ELI5: Language Grounding

Created	@November 21, 2020 8:02 AM
Tags	AIGroundingNLP

This post is an attempt to illustrate my current research interests to outsiders.

If a curious relative, friend at a party or a little kid asked me what my research is about, I'd try to have the following conversation. Depending on the specific person, this would have to be adapted somewhat of course.

Carli Curious: So what is your research roughly about?

Me: Okay, let's start with some quick thought experiment: image you are living on an island with your fellow people, isolated from all civilization. And for simplicity, let's say all of you only speak English. But one day a stranger gets stranded at your shores who doesn't speak English, and there is no Internet to help you out. What do you do integrate and teach them?

Carli Curious (after some thinking): So I would first try to point to common objects like food, or plants and so on. That might take a few days to establish this. Then I might try verbs, so I would demonstrate actions and hope the stranger associates the verbs with that action. Somehow later on I would have to teach words like "not", "all" and so on. That might be a bit trickier...

But what does that all have to do with your research?
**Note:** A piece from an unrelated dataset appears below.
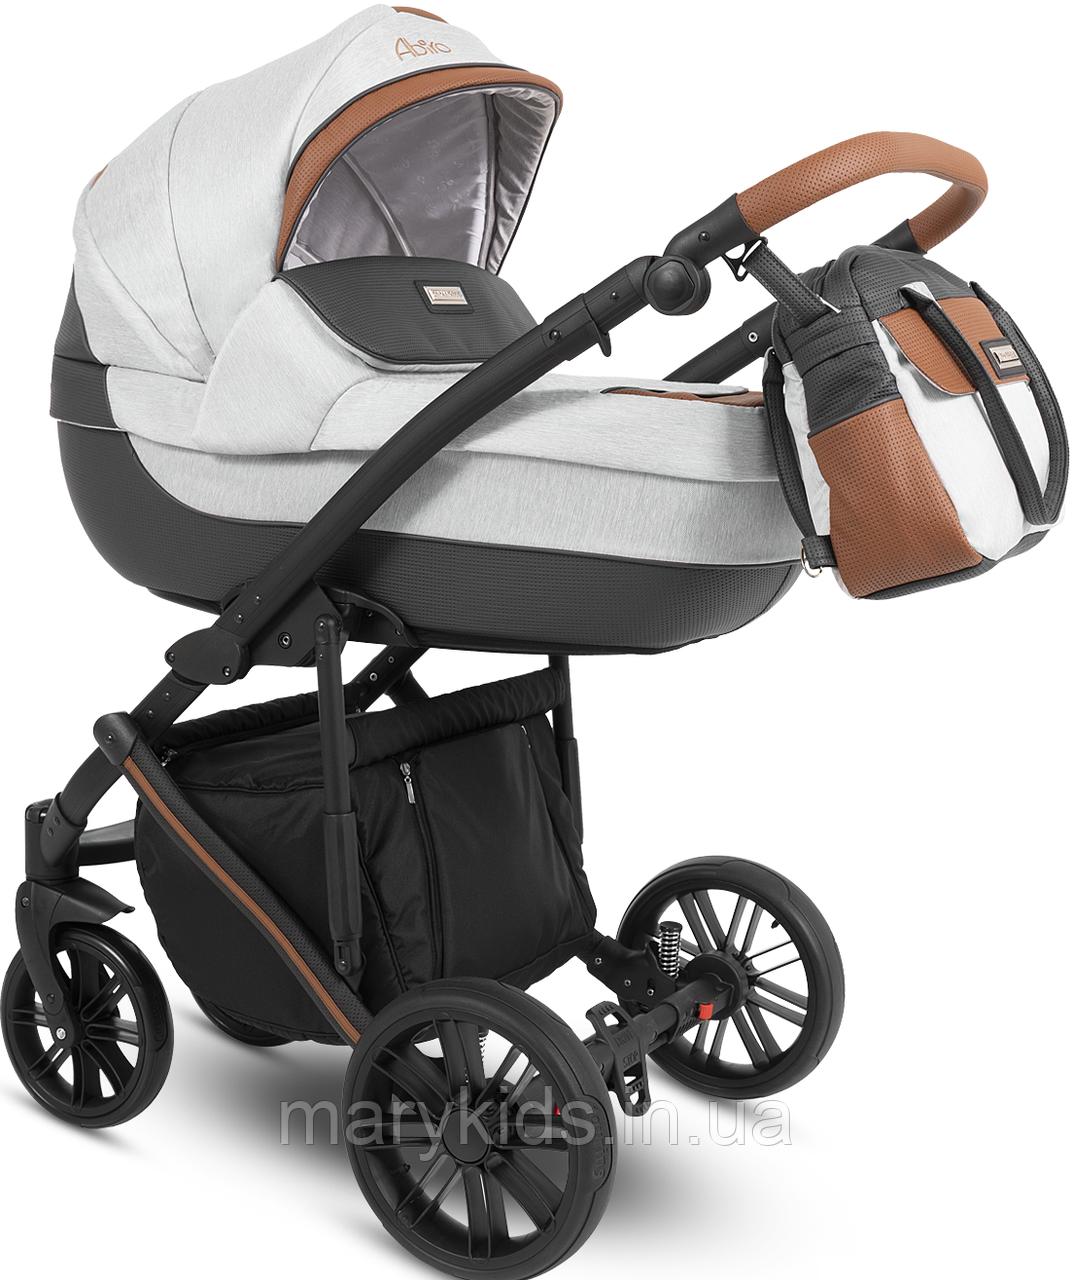 Детская универсальная коляска 2 в 1 Camarelo Abrio - 3

Me: So I want to do with a computer what you just described with this stranded stranger. I want the machine to learn language, so words, sentences and so on, by connecting it to the real world. The thing is: while that seems intuitive, most current AI models don't do that. Instead they have no connection to the real physical world and just get raw static text. And this works surprisingly well since computers are way better at keeping track of statistics/correlations than our stranded human. So to come back to our scenario and give an analogy for how current AI models often work: You would hand this stranded person all your documents: Let's assume you are all very organized people on this island, so you have to documented everything about your island's history, animals, people and even fiction. Now you would let the stranger read that for some years in some isolated cabin (poor human!) and then come back to test how well they can write in your language. And when I say test, I mean you could for example give the stranger a sentence that they should complete based on their understanding of the documents they have read, like "On top of every pizza margherita, we put tomatoes and [BLANK]." Even after reading your documents for a few years, this might be tricky for a human, since our "software" is different than that of our current language models. But they might be lucky this time and remember that they have seen the symbols "pizza", "margharita" and "tomatoes" a lot together with this symbol "cheese" and might therefore guess it correctly. It's tempting here to be biased because, when you look at symbols like "tomato" or "pizza", they inevitably evoke some semantic ideas in your mind. So instead really try to put yourself in their perspective: you see arbitrary symbols "dfsdfh"(pizza), "wascjks"(margharita) and "öbhjf"(tomoatoes) and are expected to say "teüwh"(cheese) because you have seen teüwh a lot in those contexts. That's what our models do and they are really good at it!

Carli Curious: Yeah, sounds hard! But don't we sometimes hear that some people can actually learn a language just by being immersed in a new country or something? Do we really need to teach them they language by actively pointing to stuff etc.?

Me: Good point! Yes, our stranded stranger could hopefully also learn English by living with us for a few years, just like babies that are born on this island. They would eat and work with us and when they eat a pizza with us, they might often hear (or read) the symbol "pizza". So this would also involve some statistics but of a different kind than the statistics I mentioned before when the person had to read all those documents. After eating and baking pizza with us several times, the stranger's mind would make sense of things: "aha! I've seen, tasted and even made this thing a few times and in that context I've often heard the sound 'pizza'! These experiences of mine must be related to this sound." This is also statistics but it's statistics we are more naturally good at, and it's statistics with much richer structure; structure in the sense that the making and seeing of the pizza has geometric, physical etc. properties. While machines are not inherently good are bad at certain kinds of statistics (since we can sort of control that), they should definitely learn more and quicker when there is more structured content to learn from, aka the real rich world around us (me gesturing around to Carli Curious)

Now once this person is sort of fluent they can actually learn new words and linguistic phrases just from raw text. So after this initial "grounding" phase, it might be a good idea to give them your documents and let them learn new words; just like you and I could look up a word in the dictionary that we don't know because we already learnt the dictionary language in a grounded way.

Also as a final note for our next conversation, apart from this connection to the real world, we also have to go from static language (like the documents the stranger had to read in his cabin) to dynamic language like dialogue with questions, inferring the state of the other person and so on. A lot to work on!